◆ Your goal ◆
Return only the lines of the listing below that run from the line with "SOMAPI. Systemy alarmowe, monitoring, domofony, instalacje" through the line with "Urban Nature of Wild Pink Flowers", both ends included, exactly as written.

◆ Material for the task ◆

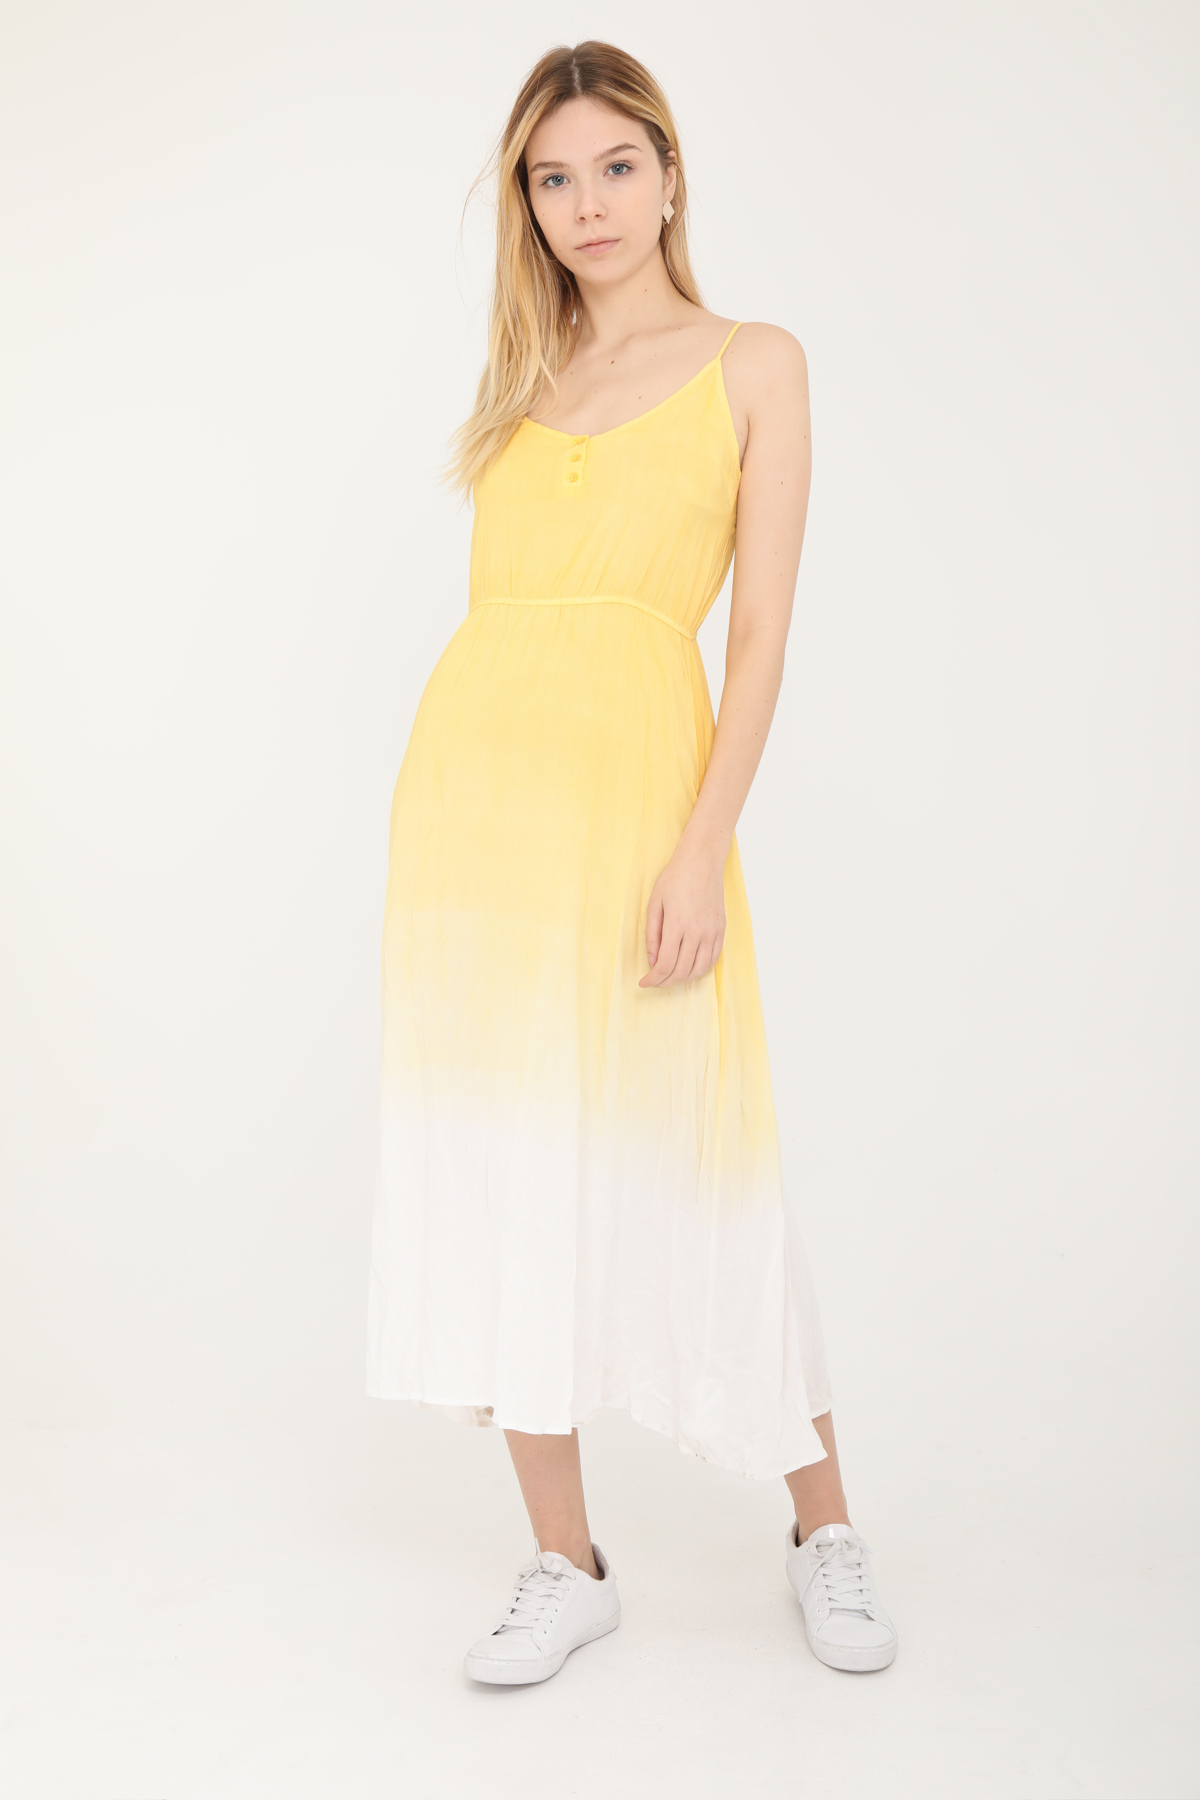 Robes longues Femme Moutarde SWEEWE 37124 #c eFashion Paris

--

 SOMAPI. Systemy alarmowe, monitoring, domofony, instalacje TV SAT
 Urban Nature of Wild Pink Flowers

---

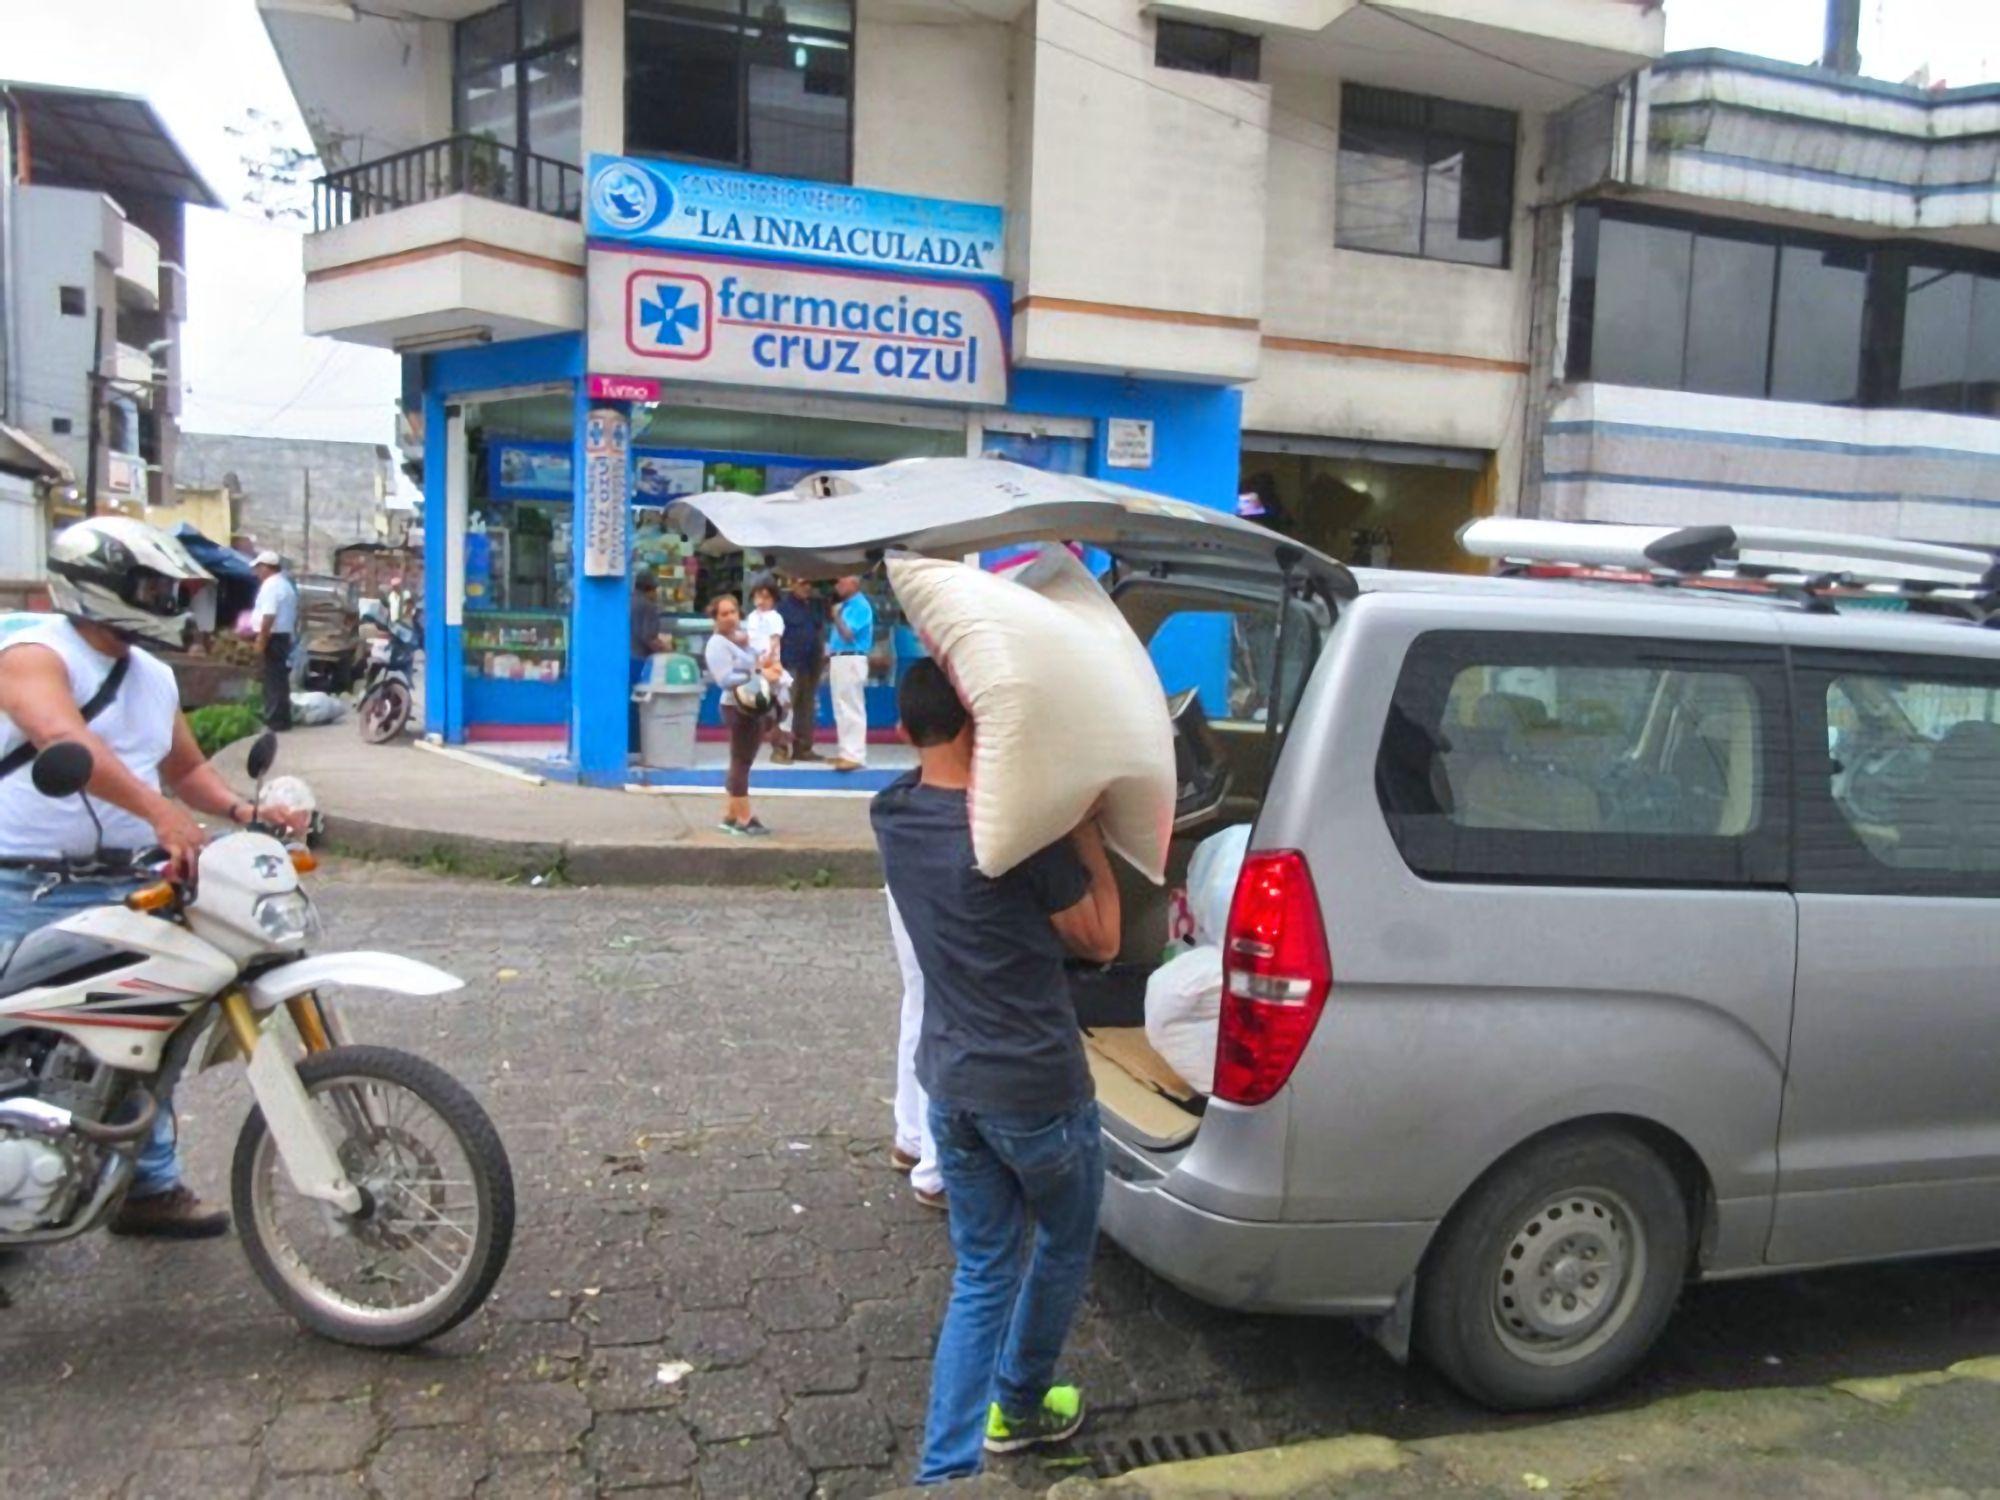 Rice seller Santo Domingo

◆ Exercise response ◆
 SOMAPI. Systemy alarmowe, monitoring, domofony, instalacje TV SAT
 Urban Nature of Wild Pink Flowers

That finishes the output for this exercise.